We’re now working on integrating Vesica with either MapQuest or BingMaps to bring make the enhanced timeline a part of Vesica along with the two other major updates for this year (the report building tool and the Drupal API).

In the mean time, we will make publicly available a basic version of Vesica’s Google Maps timeline to give you a brief preview of what the functionality does next week. Customers who when prefer to use the Google Maps timeline can have that activated in their accounts for a fixed annual fee in addition to the standard £0.05 per object fee.

If, however, you wouldn’t like to spend extra and can wait a few weeks for a free interactive, map-driven timeline – subscribe to this blog to stay up-to-date.

In the meantime, if you are interested in deploying Google Maps in your organisation or museum with your collections management software fully integrated, please get in touch with us by commenting on this article, calling +44 2081338050 or emailing our sales team at [email protected]

September 15, 2012

Getting art collection reports the way you want them

One of the updates scheduled for the last quarter of 2012 in Vesica is a report building tool. Unlike other software where you can generate pre-defined reports, this reporting tool will allow you to print whatever you want on a report.

The report builder will benefit immensely from Vesica’s already powerful search and filter functionality. As it stands, you basically filter, search and drill down in your collection to view objects / pieces by a variety of different parameters – and you get to define and choose these parameters. In the current system, though, you are unable to choose what information about the searched and filtered objects you would like to print on a report. This information is pre-defined and, as such, may not be very useful to all departments in a museum.

But that’s what will change. You will be able to choose what information you want to include on a searched report of objects and pieces, just like you can choose what information you would like to print when creating a detailed object report.

So, illustrated with an example, your current search and filter interface might look like this:

Filter Options

Once you press Search, you’ll get the filtered results. On pressing the print icon on the top right, you’ll be presented with a pop-up allowing you to choose the information you would like to print about each object on the report, as shown below:

Report Printing Options

Choose and press print or export to word – that’s pretty much all you will need to do to create any report you require. This feature is currently in development and is scheduled for release in November. If you have any suggestions or anything particular you’d like to see implemented along with the report builder, please don’t hesitate to comment and share your thoughts.

August 10, 2012

Summer @ Vesica

It’s been a busy summer at Vesica – we’re hard at work making some major architectural changes to the application to sustain the ongoing growth – many of our customers (and we’ve surpassed 200 this month!) will start to see the benefits of these changes in the ongoing months in the form of increased speed and faster reponse times when uploading data, images, audio and video files along with rapid development of additional features and functionality.

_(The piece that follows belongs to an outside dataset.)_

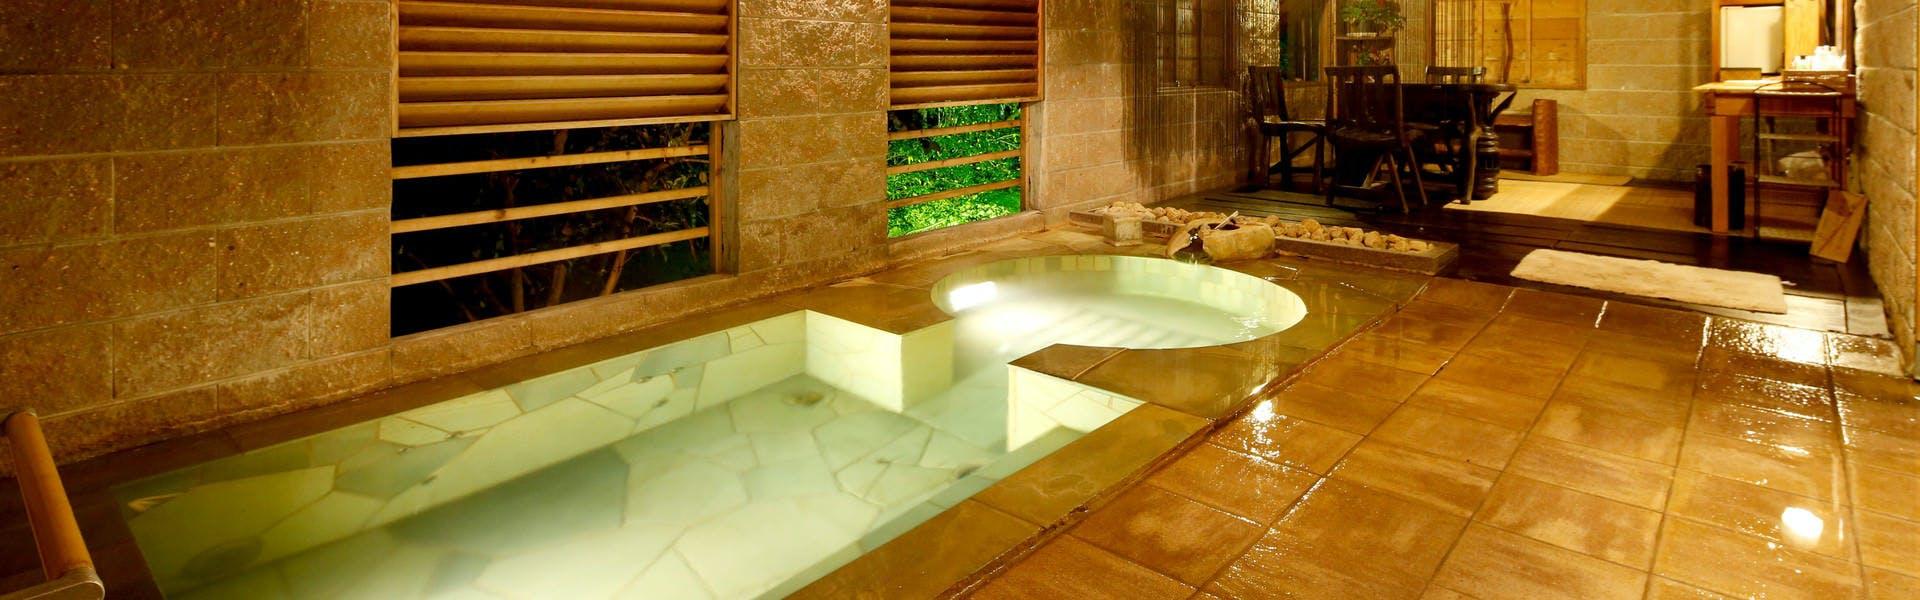 記念日におすすめのホテル・万葉の里 白雲荘の写真2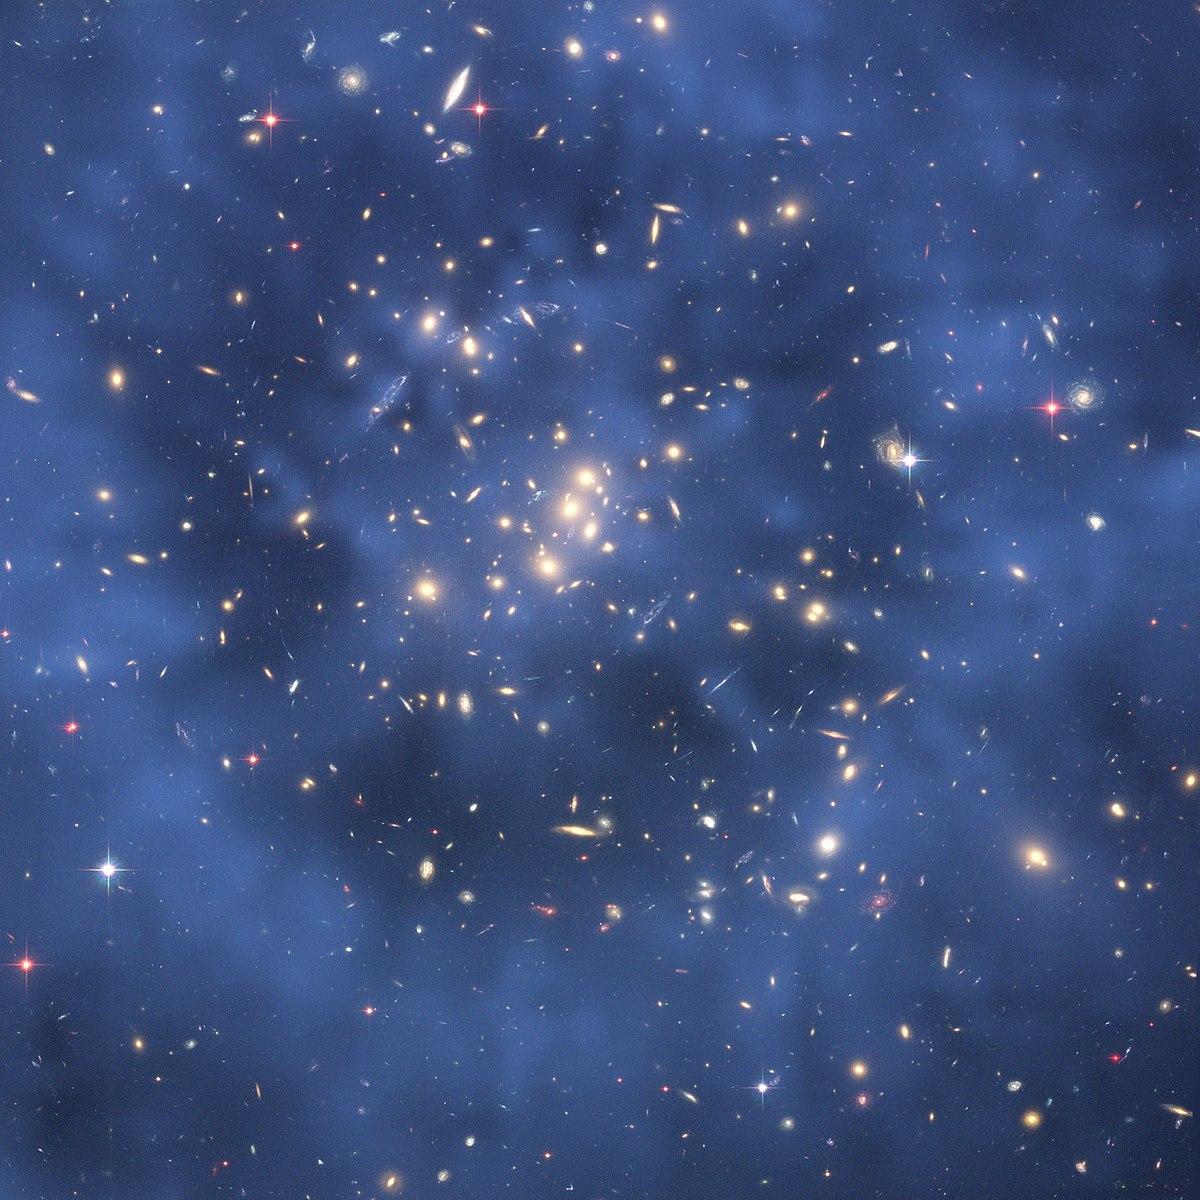 Resultado de imagen de Una imagen compuesta del cluster galactico CL0024+17 tomada por el telescopio espacial Hubble muestra la creacion de un efecto de lente gravitacional producto de la interación gravitatoria de la materia oscura.

We have an updated list of new features and functionality that will be posted to the coming soon page (https://vesica.ws/features/coming-soon/) next week, so if you’ve been waiting for bibliography and research features along with some advanced file sharing and management, stay put, because it’s all in the mix.

In the mean time, if you’ve been following the news in the museum industry of budget cuts across the board, now is as good a time as any to tell your local museum about Vesica. It well help them with hundreds of thousands of dollars in a few years. What more, using a cloud based solution like Vesica can mean that museums can protect the jobs that matter and spend money where it is necessary (i.e., on conservation) as opposed to maintaining IT.

See http://www.museumsassociation.org/campaigns/01072012-ma-2012-cuts-survey for more details – we’ll have more on these discussions in the coming weeks.

July 10, 2012

Secure Galleries and More Coming this Week

The update scheduled for later this week adds the of first of what will be many phases towards making Vesica galleries for individual accounts secure.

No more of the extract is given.